Report on Etna (Italy) — 24 March-30 March 2021
Smithsonian / US Geological Survey Weekly Volcanic Activity Report,
24 March-30 March 2021
Managing Editor: Sally Kuhn Sennert
Please cite this report as:
Global Volcanism Program, 2021. Report on Etna (Italy). In: Sennert, S K (ed.), Weekly Volcanic Activity Report, 24 March-30 March 2021. Smithsonian Institution and US Geological Survey.
37.748°N, 14.999°E; summit elev. 3357 m
All times are local (unless otherwise noted)
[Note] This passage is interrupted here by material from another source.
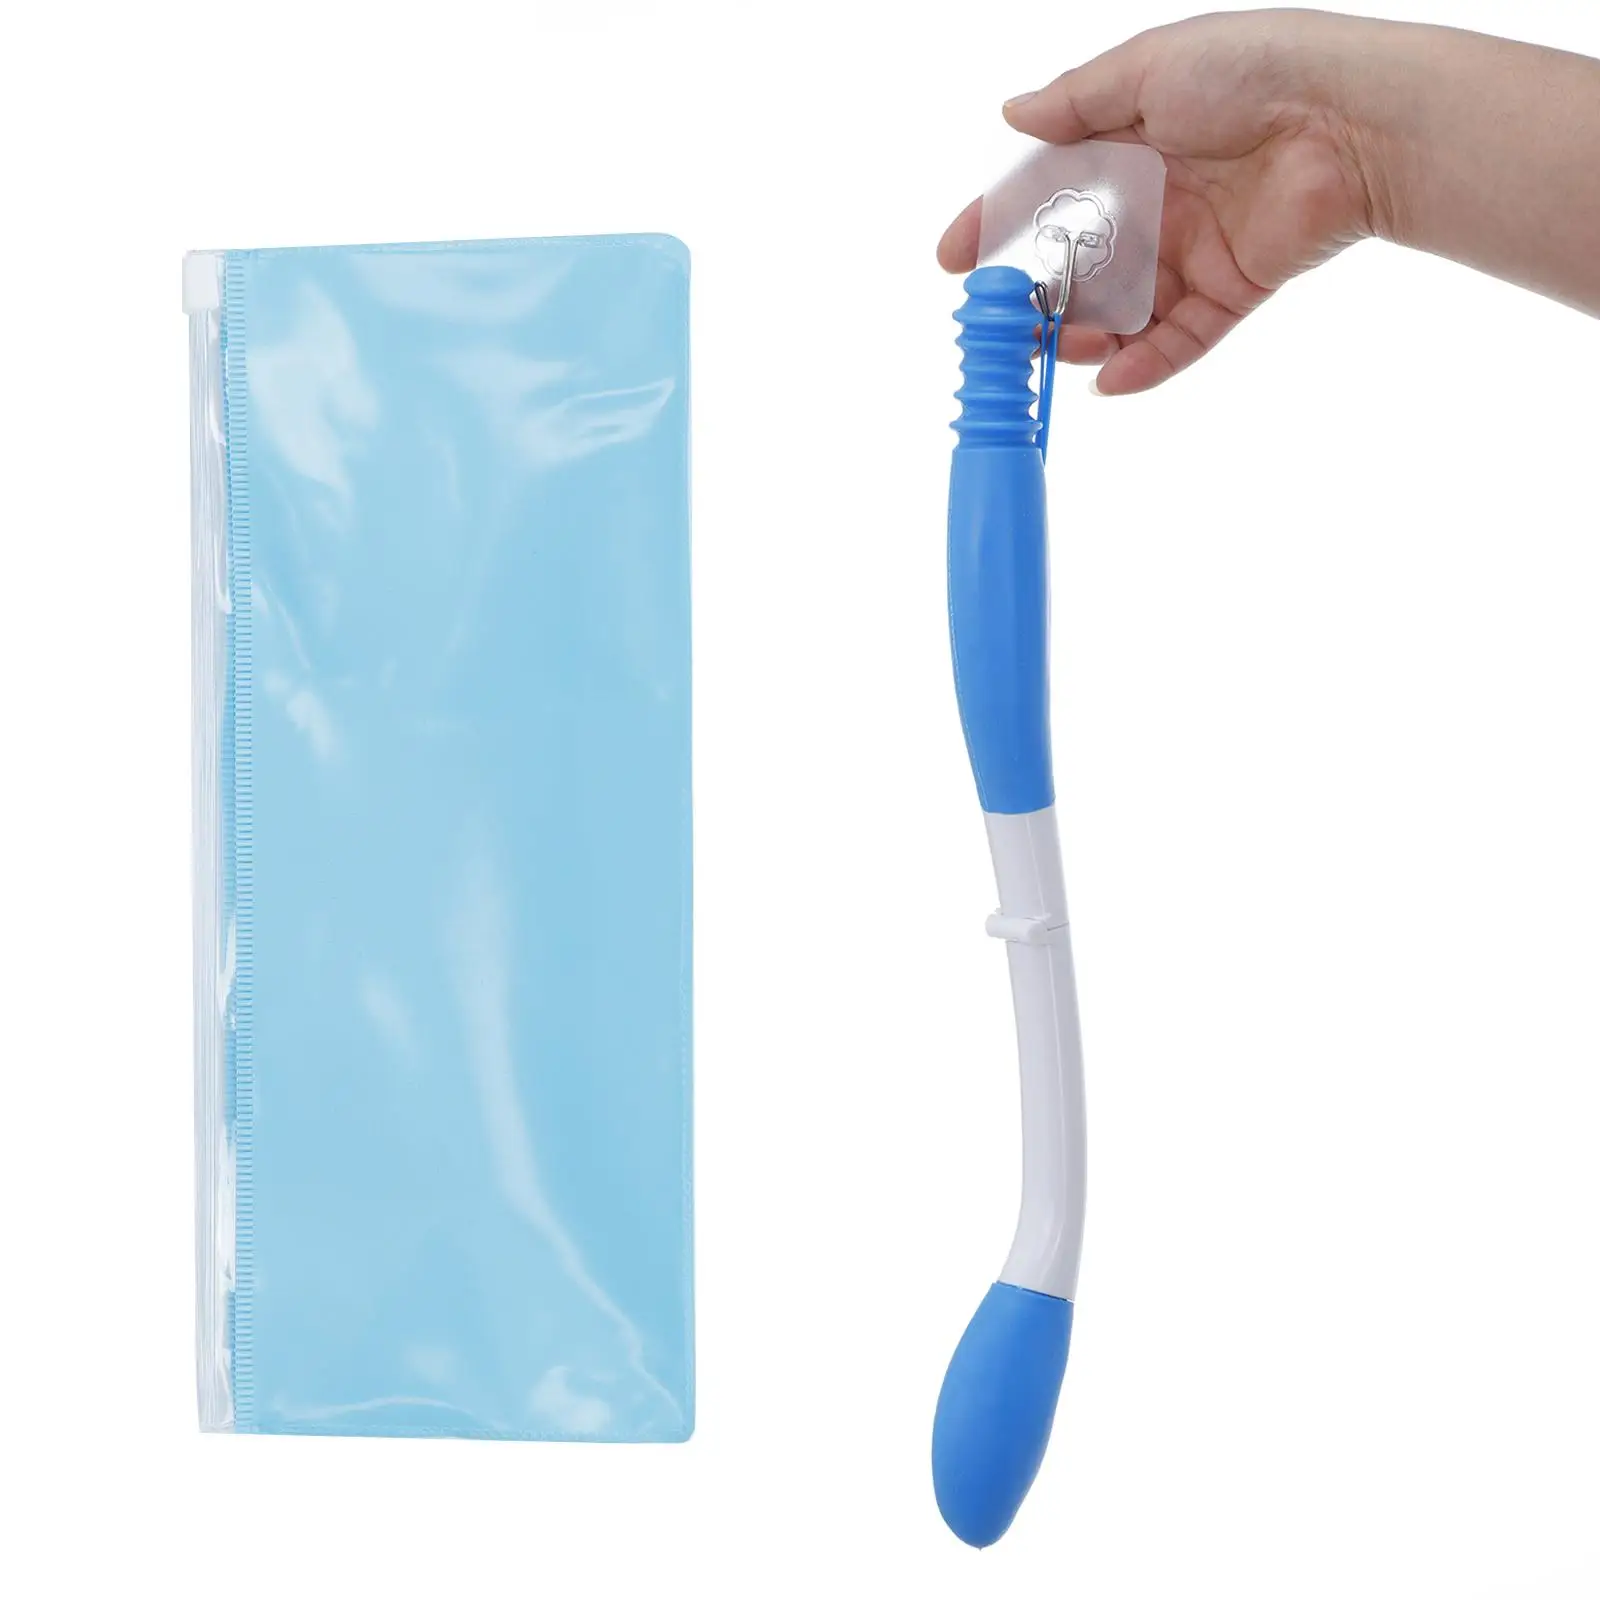 Toilet Aid Wiper Comfort Wipe Bottom Wiping Aid for Bathroom

INGV reported continuing episodes of lava fountaining at Etna’s Southeast Crater (SEC) during the week of 22-28 March, though weather conditions often prevented visual observations. Weak Strombolian activity at SEC began at 2005 on 23 March and turned into lava fountaining at 0330 on 24 March. A lava flow from the SEC was observed at 0335 which split in two, one branch traveling toward the Valle del Bove and the other to the SE; the lava was followed by a pyroclastic flow at 0336 that traveled toward the Valle del Bove. The lava fountain produced an ash cloud that rose to 6-7 km (20,000-23,000 ft) a.s.l. and extended SSE, resulting in ashfall on the S slope and in Catania (29 km SSE). Lava fountaining gradually decreased at 0700, and by 0945 it had stopped. The lava flows continued to advance. Activity in Northeast (NEC), Bocca Nuova (BN), and Voragine (VOR) was characterized by variable intra-crater Strombolian activity, accompanied by sporadic and weak ash emissions that quickly dispersed.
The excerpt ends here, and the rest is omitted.